# Beautiful Tegu



## dorton (Nov 3, 2007)

Found it here.
http://www.terra.com.br/criancas/bichos/teiu.htm


----------



## Mike (Nov 3, 2007)

Wow, you're right, that is pretty. Maybe a different local of the typical Argentine?


----------



## greentriple (Nov 3, 2007)

I don't read or speak Portuguese, but speaking Spanish let me understand about 70% of what it said. Of interest was the range and flora in which the tegu lives and what it eats, according to whomever wrote that.

No jungle, more grass plains near shrubs and rocks to sun on. And they eat just about anything they can get their mouths on.

Very attractive tegu in any event.


----------



## VARNYARD (Nov 3, 2007)

Yes it is!! There are many pictures of wild tegus that look much different then the ones we have in the pet trade.
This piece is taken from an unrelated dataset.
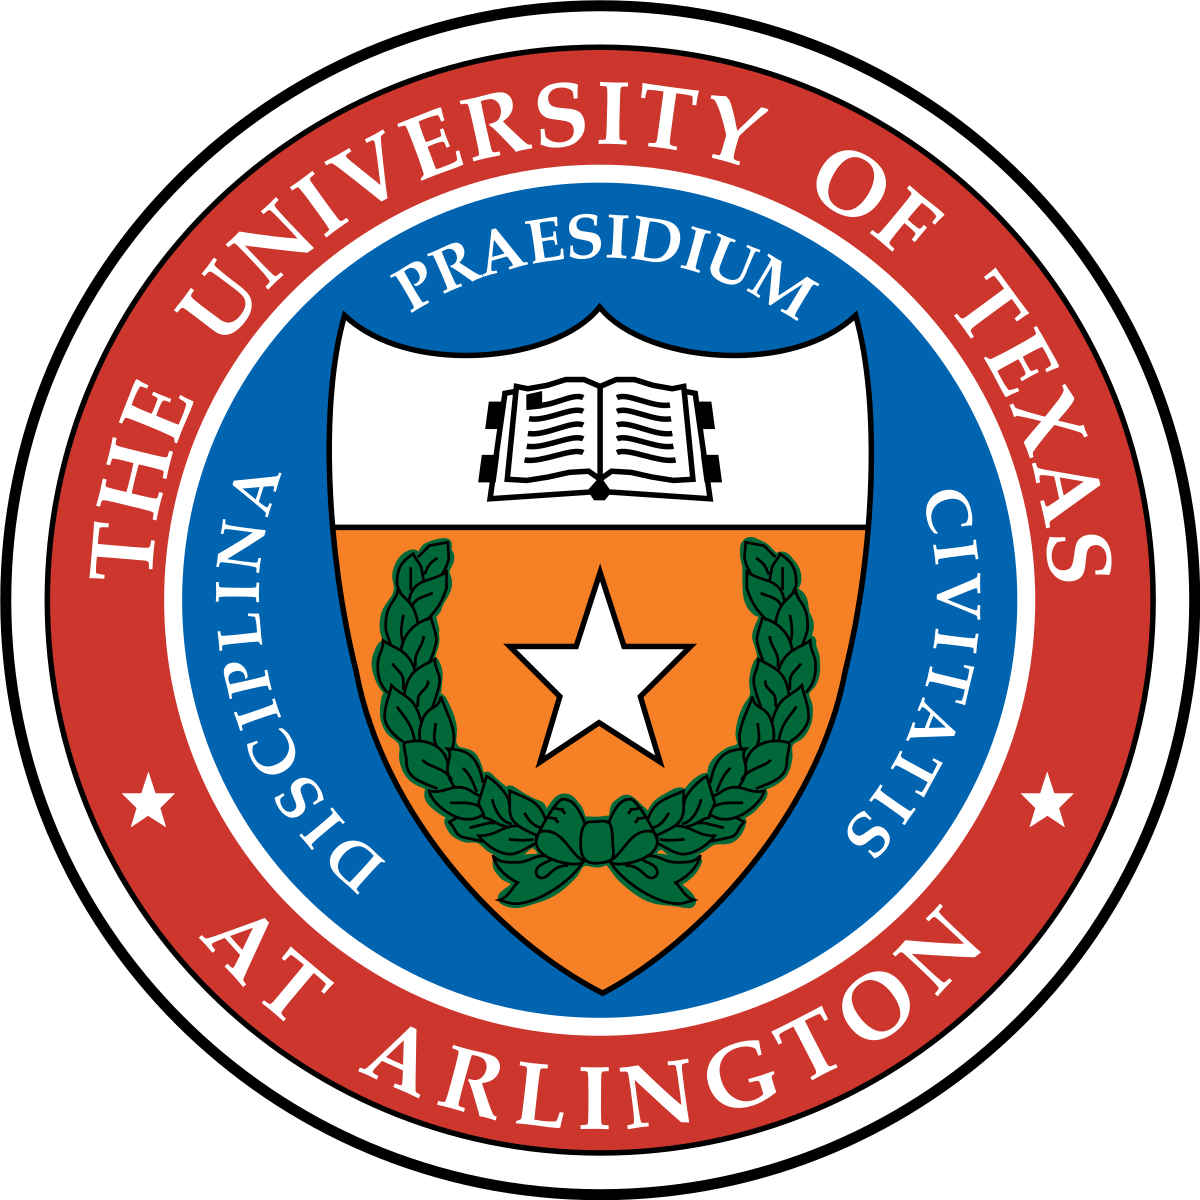 1200px-University_of_Texas_at_Arlington_seal.svg.png
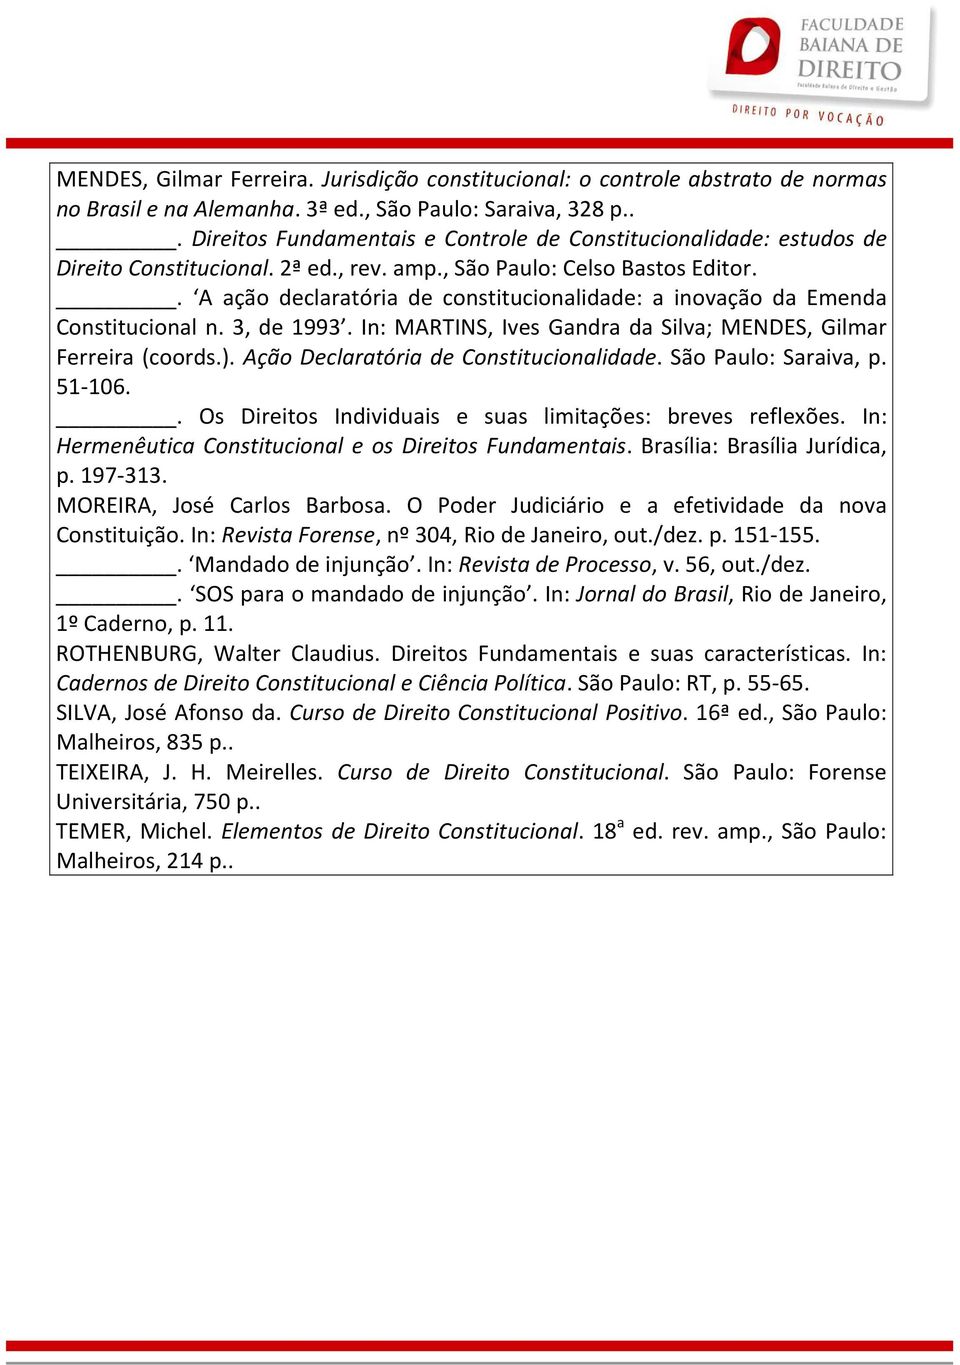 . A ação declaratória de constitucionalidade: a inovação da Emenda Constitucional n. 3, de 1993. In: MARTINS, Ives Gandra da Silva; MENDES, Gilmar Ferreira (coords.).

I wish there was a way to bring some of these awesome looking animals in.


----------



## Joey (Jan 9, 2008)

I like it....nice and shiny somebody takes care of him/her


----------



## ilovelizards (Jun 1, 2012)

The artical with this picture google tranlated
Daniela Gerdenits, a biologist from the São Paulo Zoo

Photo: Gloria Jafet / SP Zoo

The tegu lizard is most common in captivity


Common name: tegu

Scientific Name: Tupinambis merianae



Geographical distribution: It is found in Brazil, except in the Amazon Forest



Natural Habitat: Mainly open areas of savannah, but may be seen in the forest edges-of-gallery and into more open woods. It is a species that lives on the floor, next to low grasses and stones, where sunbathing.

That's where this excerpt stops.